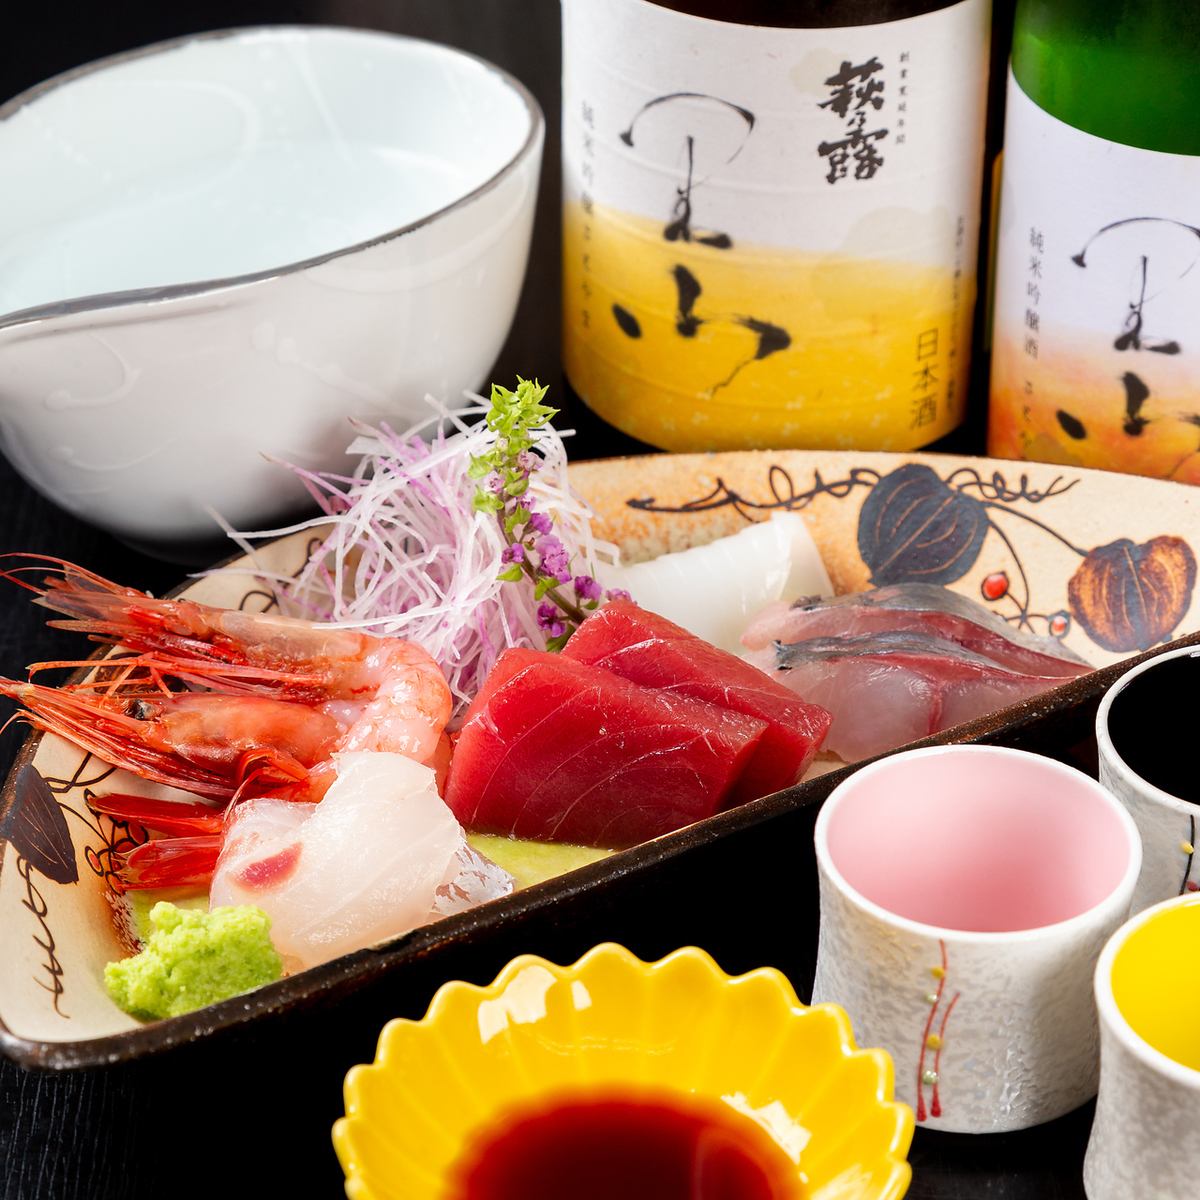 主に日本海でとれた鮮魚で、全て天然魚を使用しております！
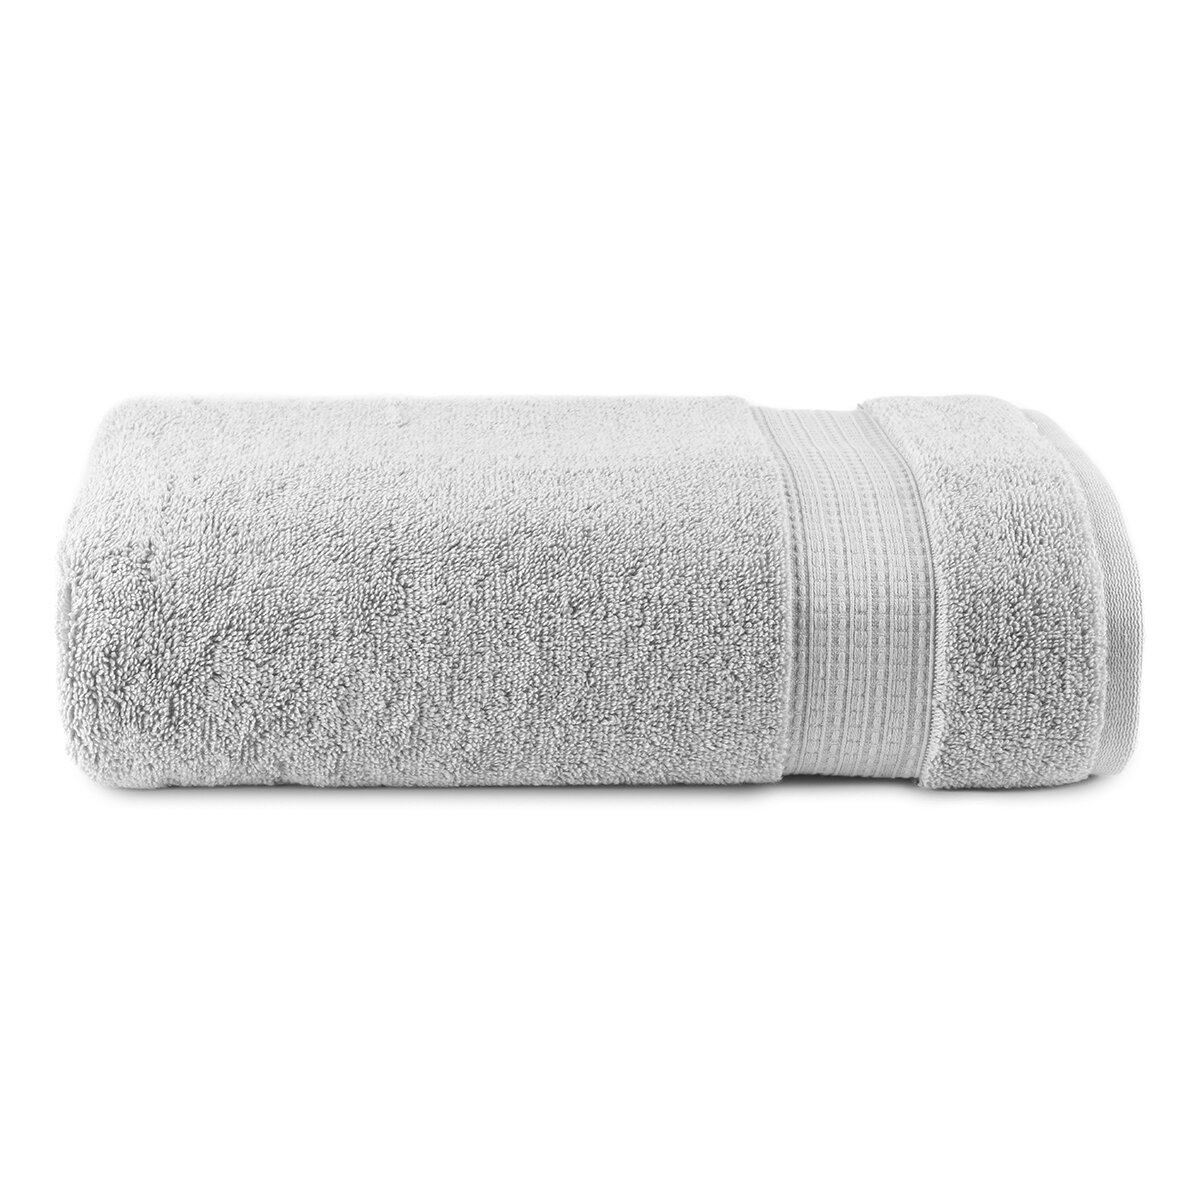  Toallas blancas ultra suaves de tela de microfibra toalla de  cara toalla de baño de hotel toalla de mano toalla de toalla portátil baño  ducha (color blanco, tamaño: 13.8x29.5 in) 
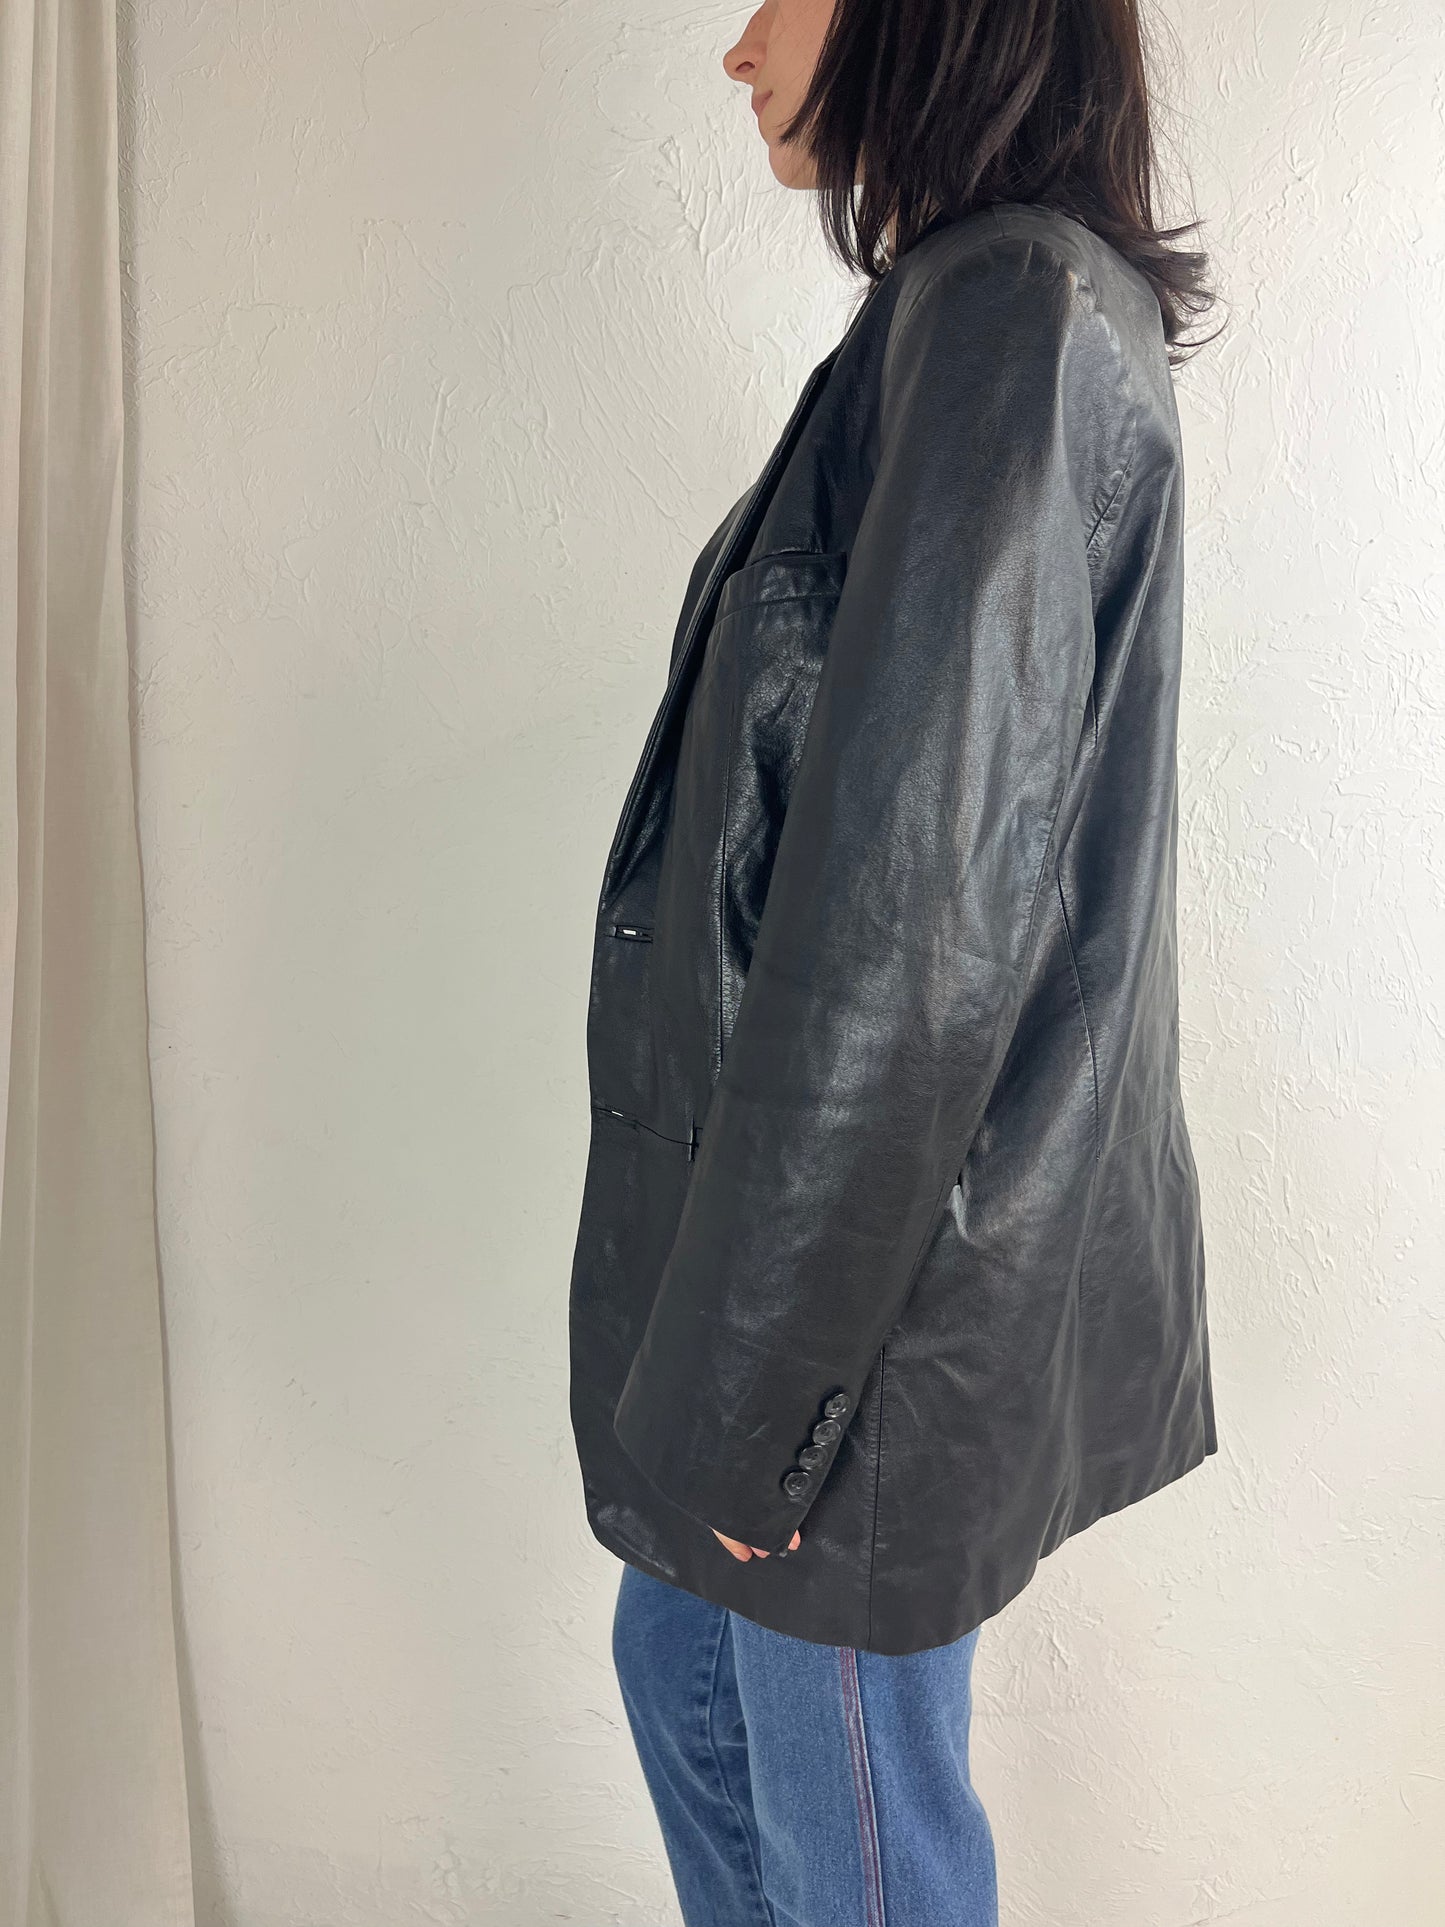 Y2K 'Danier' Oversized Leather Blazer Jacket / Small

WHAT IS BEING ASKED
Take the line containing "Toallas blancas ultra" as the first line and the last line of the data above as the final one, and output exactly the lines between them, inclusive, with no pictures.

RESULT OF THIS EXERCISE
  Toallas blancas ultra suaves de tela de microfibra toalla de  cara toalla de baño de hotel toalla de mano toalla de toalla portátil baño  ducha (color blanco, tamaño: 13.8x29.5 in) 
 Y2K 'Danier' Oversized Leather Blazer Jacket / Small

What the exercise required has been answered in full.